Task requirements. Only the lines from the one with "The Pokemon Company" to the end of the data, both ends included, should be output, exactly as they stand and without pictures.

Data section.
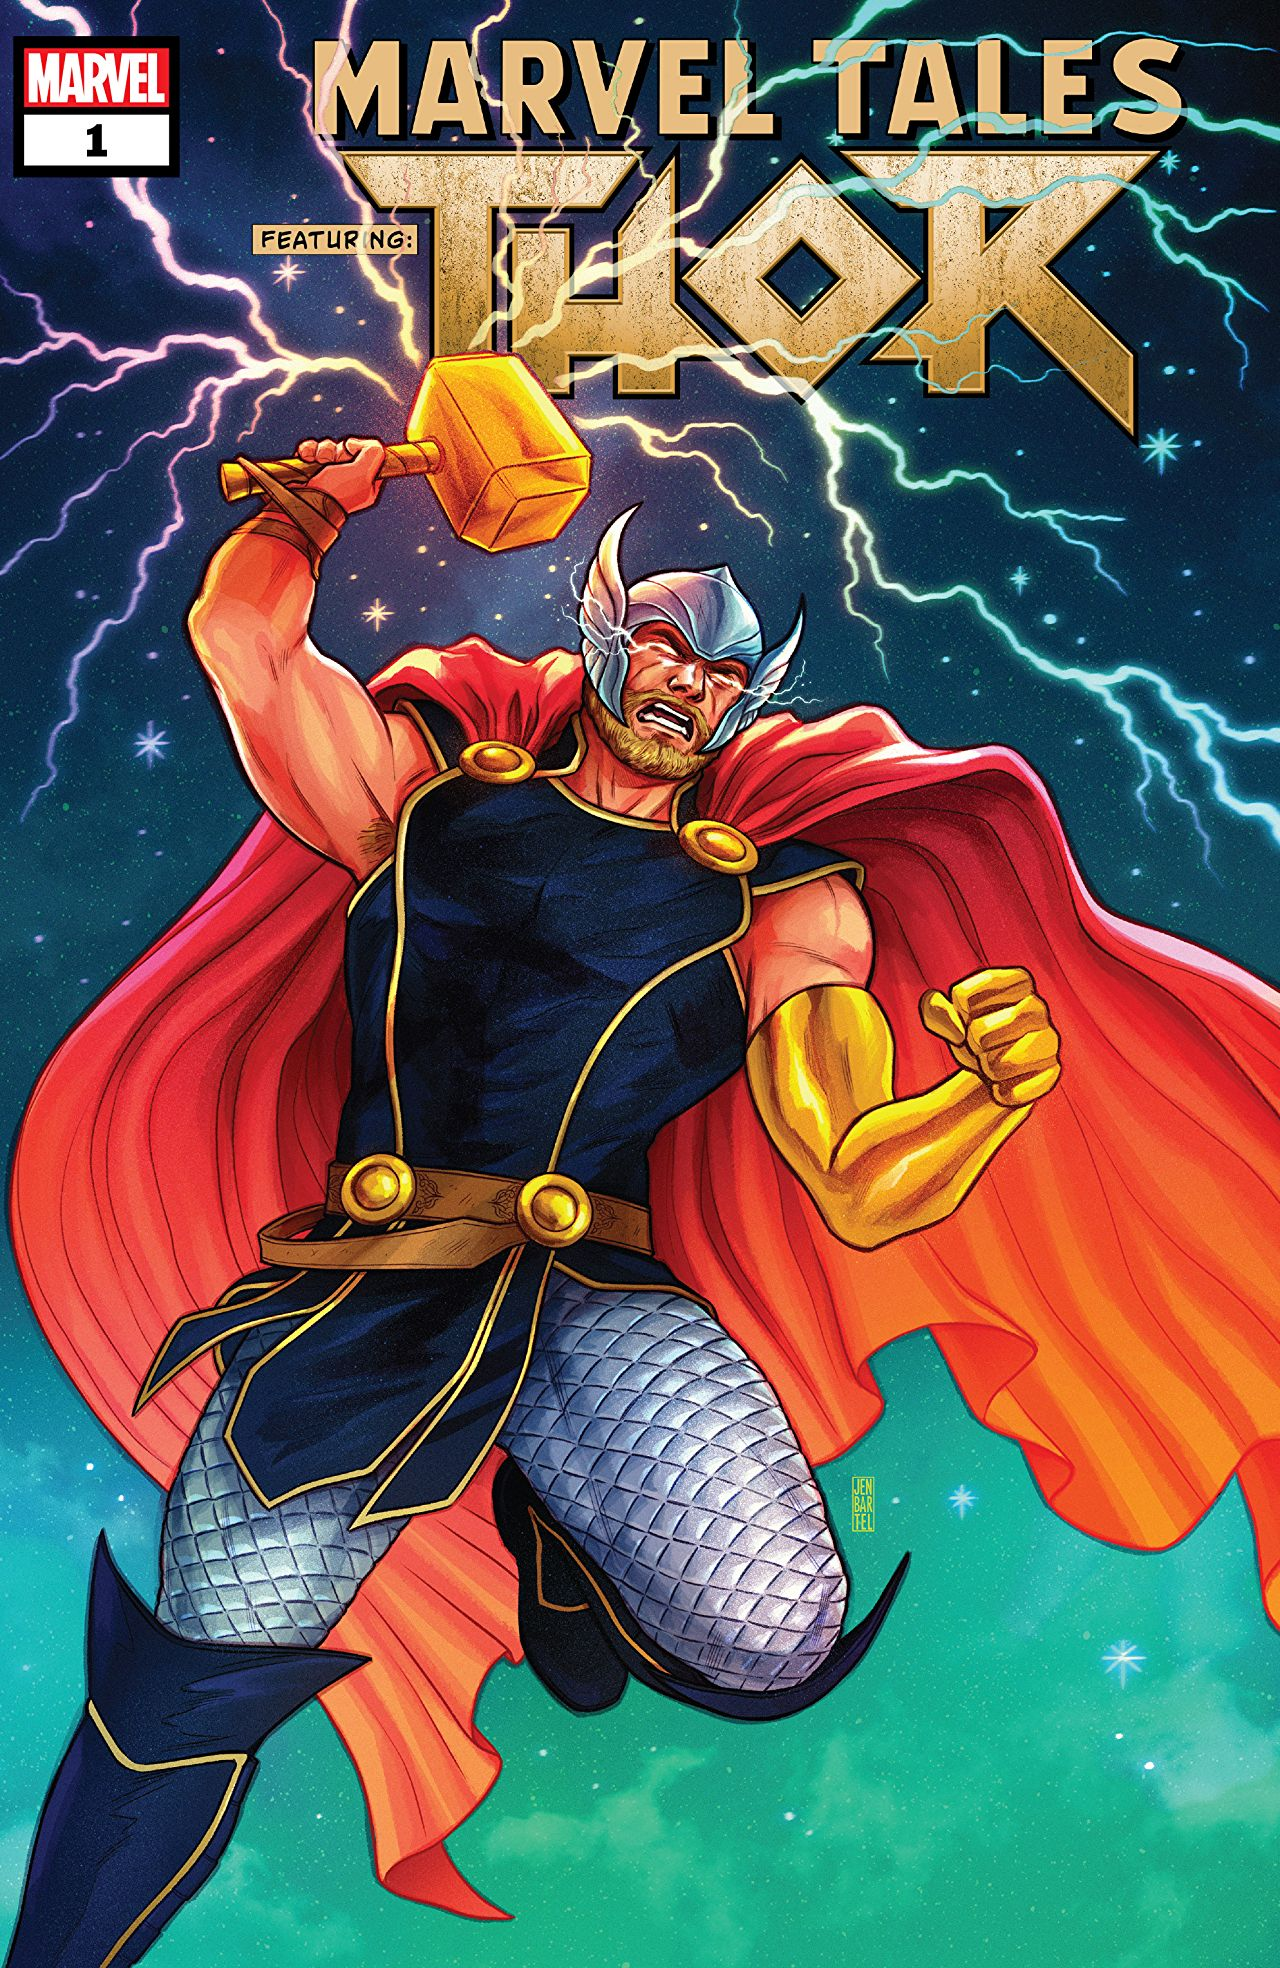 Marvel Tales: Thor Vol 1 1
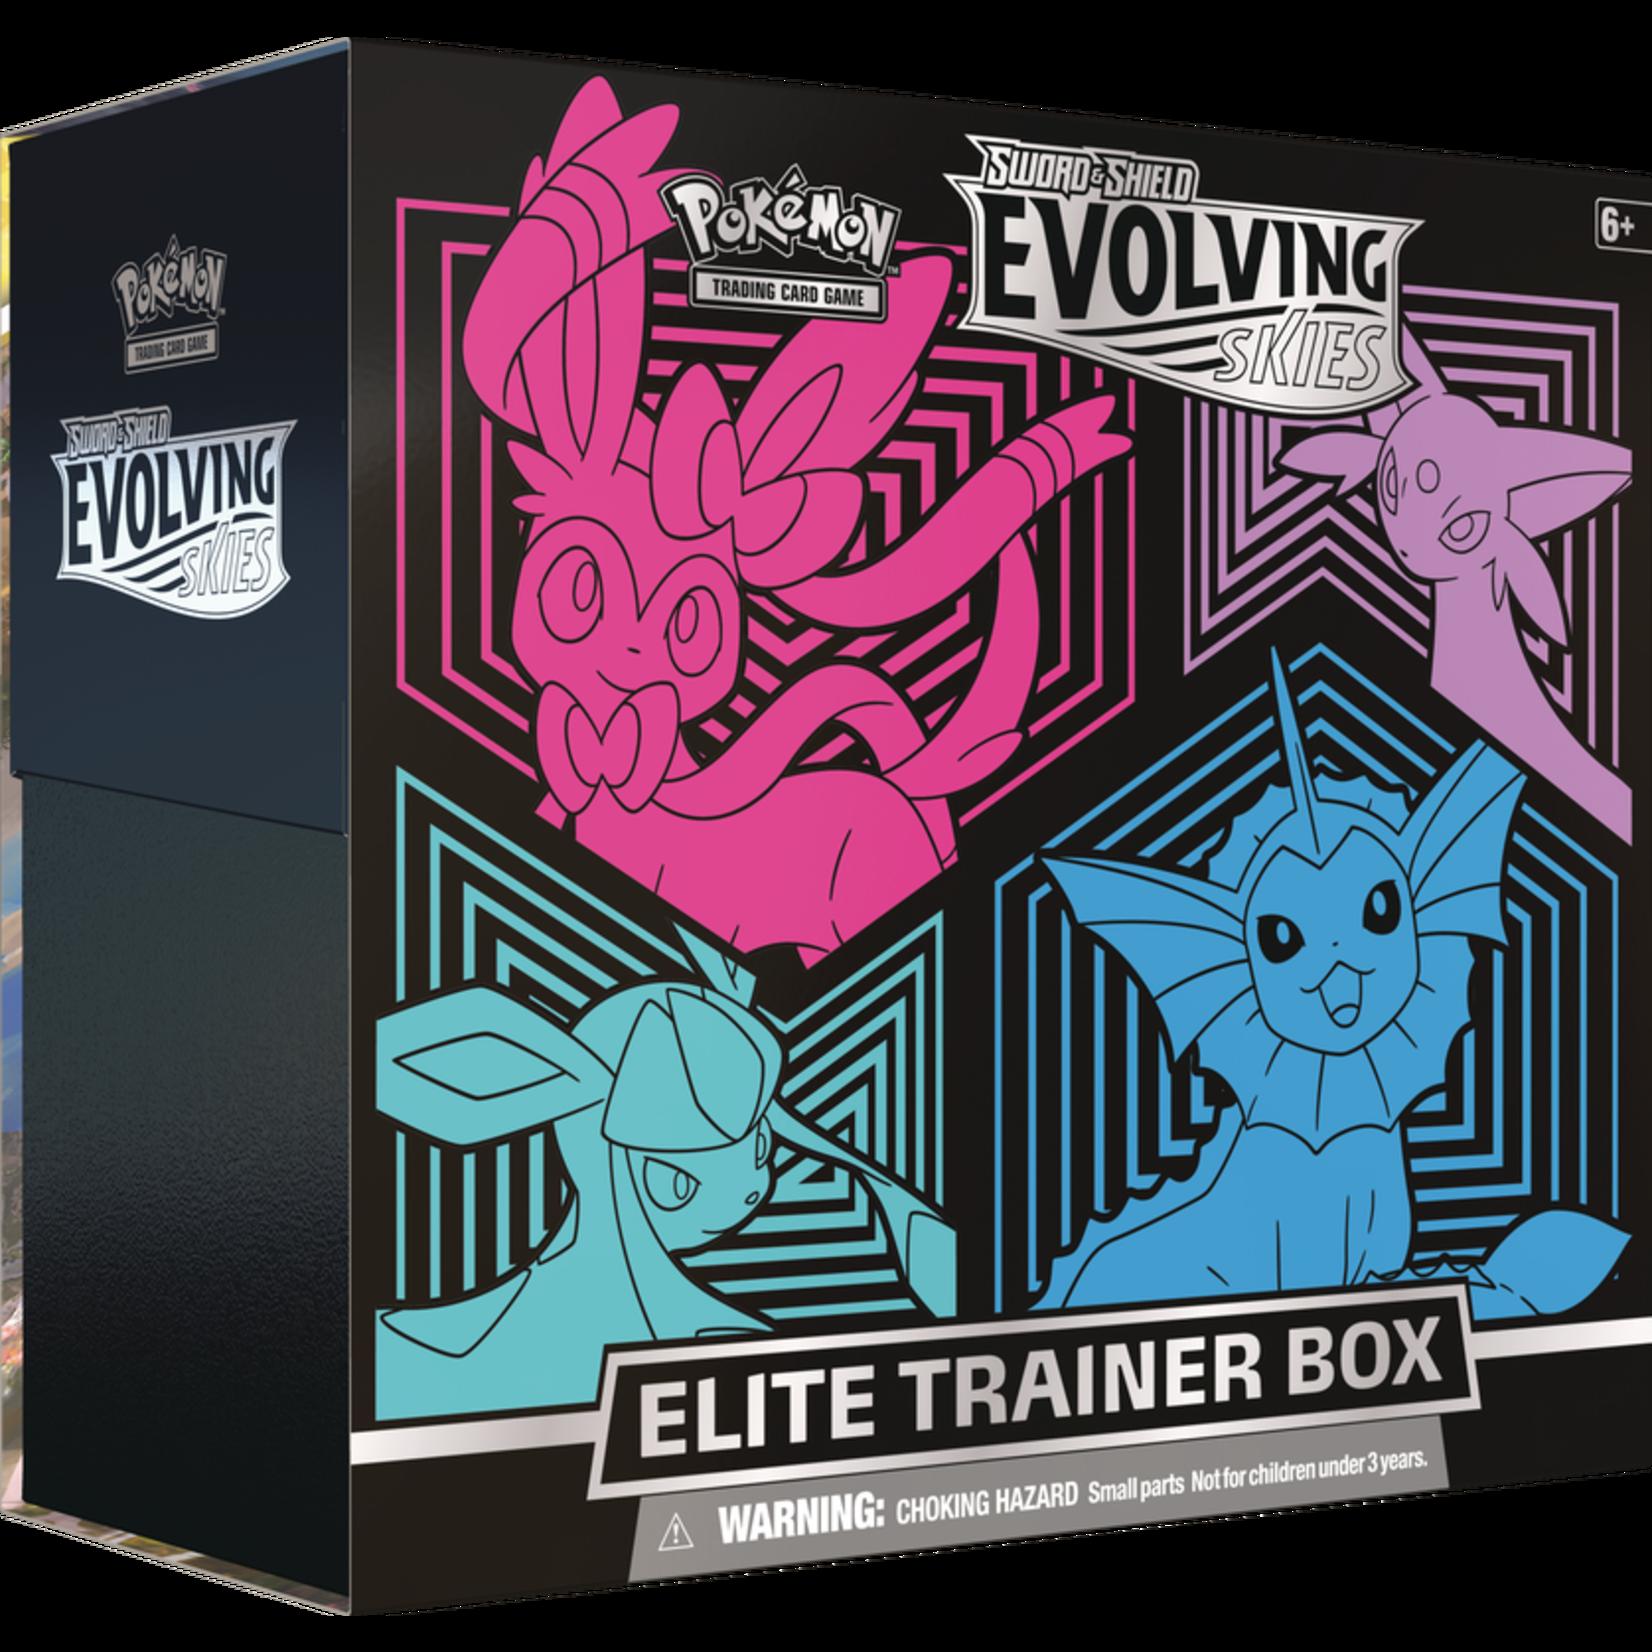 The Pokemon Company [Preorder] EVOLVING SKIES ELITE TRAINER BOX
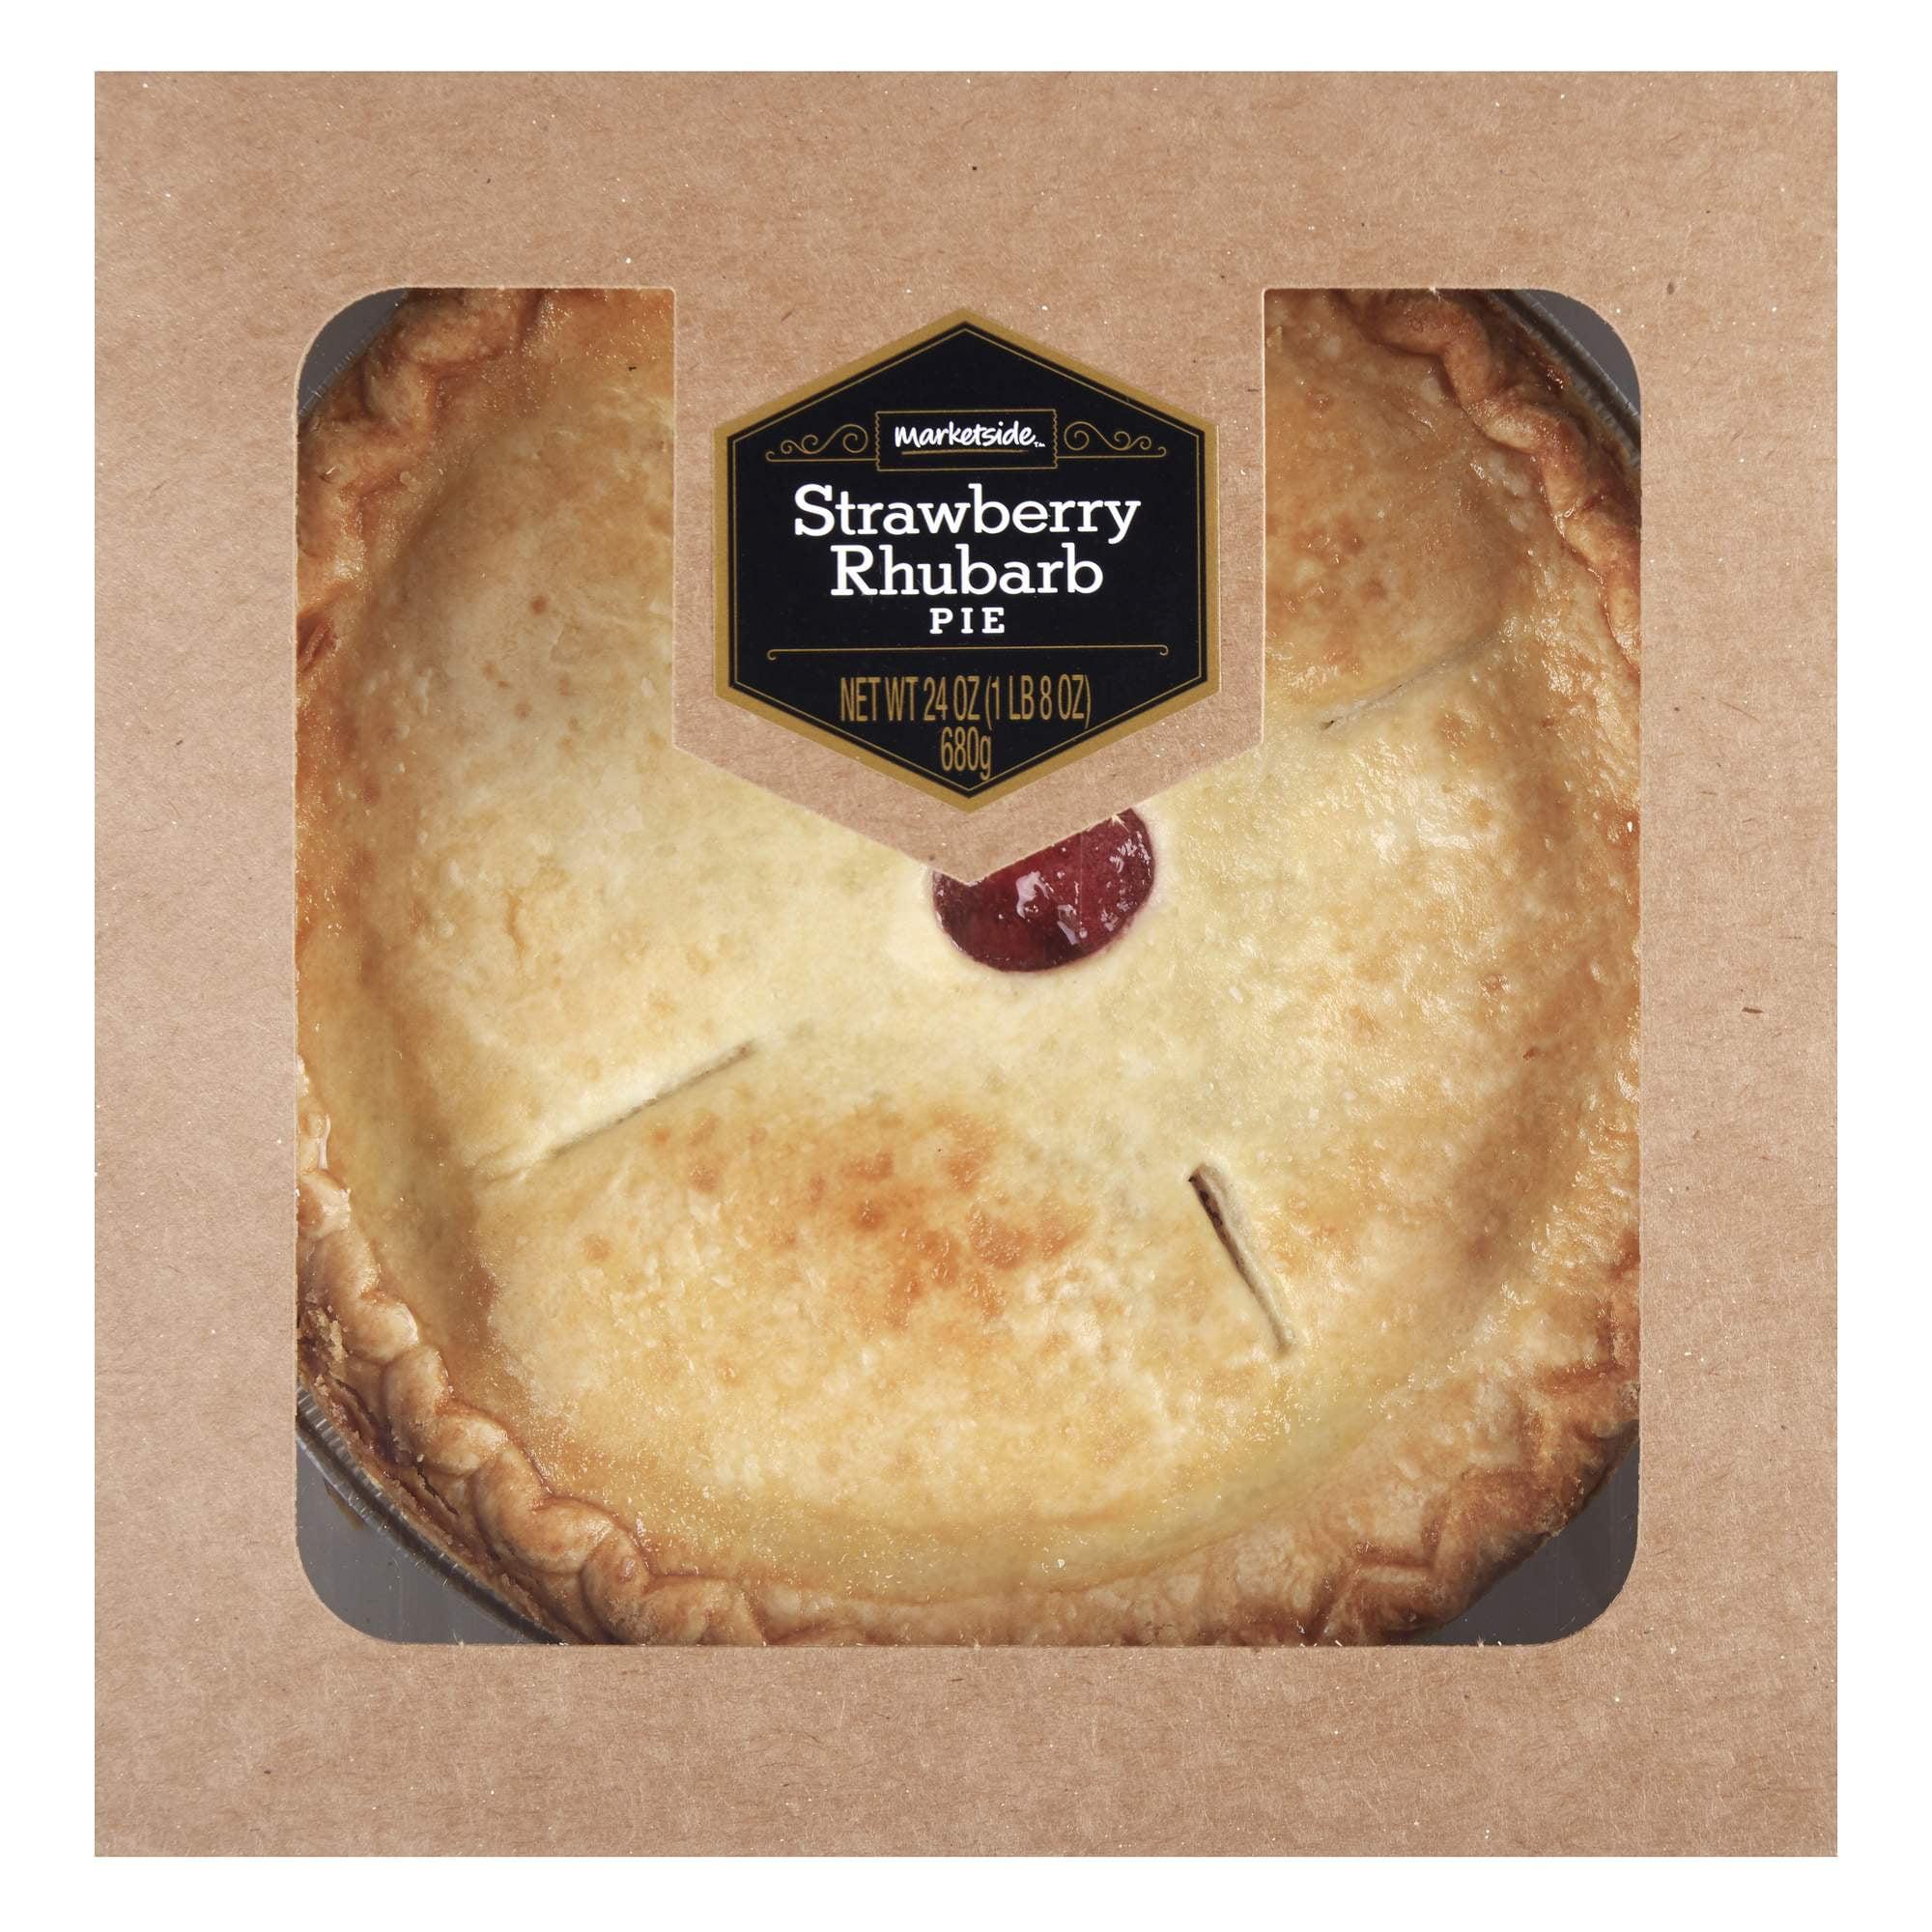 Marketside Strawberry Rhubarb Pie, 24 oz

Answer to this exercise.
 The Pokemon Company [Preorder] EVOLVING SKIES ELITE TRAINER BOX
 Marketside Strawberry Rhubarb Pie, 24 oz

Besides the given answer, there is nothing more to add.